Applying a systems approach to thyroid physiology: Looking at the whole with a mitochondrial perspective instead of judging single TSH values or why we should know more about mitochondria to understand metabolism

BBA Clin. 2017 Apr 4;7:127-140. doi: 10.1016/j.bbacli.2017.03.004. eCollection 2017 Jun.


Classical thinking in endocrine physiology squeezes our diagnostic handling into a simple negative feedback mechanism with a controller and a controlled variable. In the case of the thyroid this is reduced to TSH and fT3 and fT4, respectively. The setting of this tight notion has no free space for any additions. In this paper we want to challenge this model of limited application by proposing a construct based on a systems approach departing from two basic considerations. In first place since the majority of cases of thyroid disease develop and appear during life it has to be considered as an acquired condition. In the second place, our experience with the reversibility of morphological changes makes the autoimmune theory inconsistent. While medical complexity can expand into the era of OMICS as well as into one where manipulations with the use of knock-outs and -ins are common in science, we have preferred to maintain a simple and practical approach. We will describe the interactions of iron, magnesium, zinc, selenium and coenzyme Q10 with the thyroid axis. The discourse will be then brought into the context of ovarian function, i.e. steroid hormone production. Finally the same elemental players will be presented in relation to the basic mitochondrial machinery that supports the endocrine. We propose that an intact mitochondrial function can guard the normal endocrine function of both the thyroid as well as of the ovarian axis. The basic elements required for this function appear to be magnesium and iron. In the case of the thyroid, magnesium-ATP acts in iodine uptake and the heme protein peroxidase in thyroid hormone synthesis. A similar biochemical process is found in steroid synthesis with cholesterol uptake being the initial energy-dependent step and later the heme protein ferredoxin 1 which is required for steroid synthesis. Magnesium plays a central role in determining the clinical picture associated with thyroid disease and is also involved in maintaining fertility. With the aid of 3D sonography patients needing selenium and/or coenzyme Q10 can be easily identified. By this we firmly believe that physicians should know more about basic biochemistry and the way it fits into mitochondrial function in order to understand metabolism. Contemplating only TSH is highly reductionistic.

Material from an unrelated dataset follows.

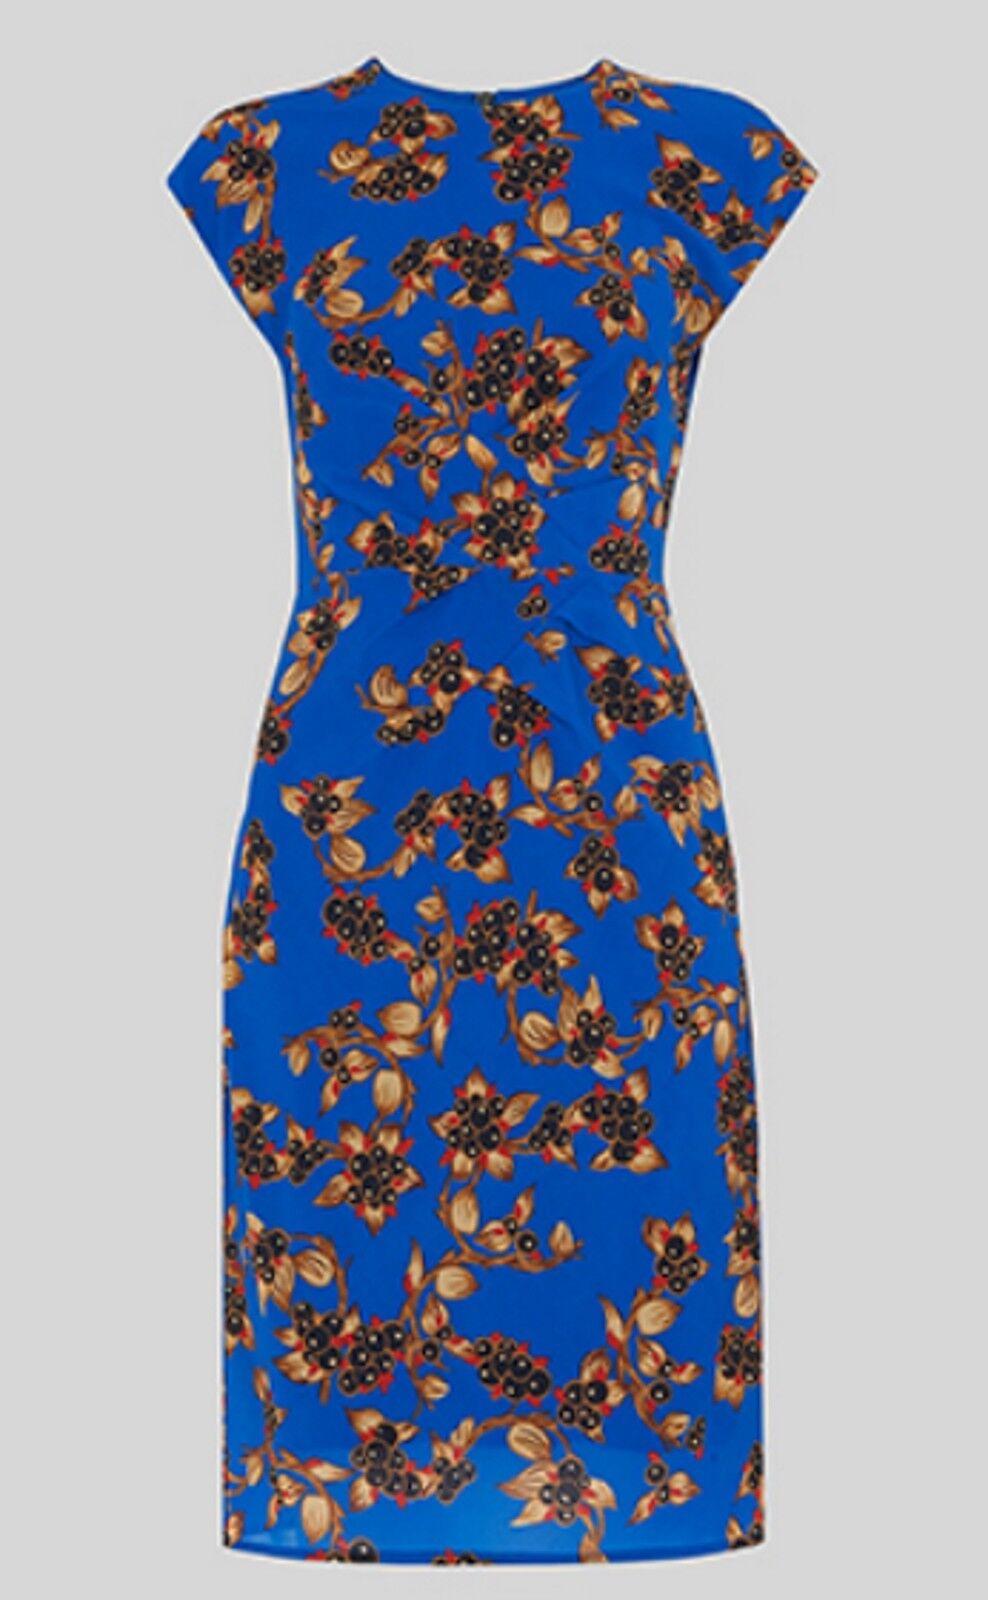 Whistles Capri Print Silk Bodycon - Blau Blau Blau Multi - U.K. 14 - Brand New With Tags | Adoptieren  | Online Kaufen  | Stilvoll und lustig  6cf66c

Outline: •Author's profiles and motivation for this analysis•The philosophical alternatives in science and medicine•Reductionism vs. systems approach in clinical thyroid disease guidelines•The entry into complexity: the involvement of the musculoskeletal system•Integrating East and West: teachings from Chinese Medicine and from evidence based medicine (EBM)•Can a mathematical model represent complexity in the daily thyroid practice?•How effective is thyroxine treatment?•Resolving the situation of residual symptoms in treated patients with thyroid disease•Importance of iron, zinc and magnesium in relation to thyroid function•Putting together new concepts related to thyroid function for a systems approach•Expanding our model into general aspects of medicine.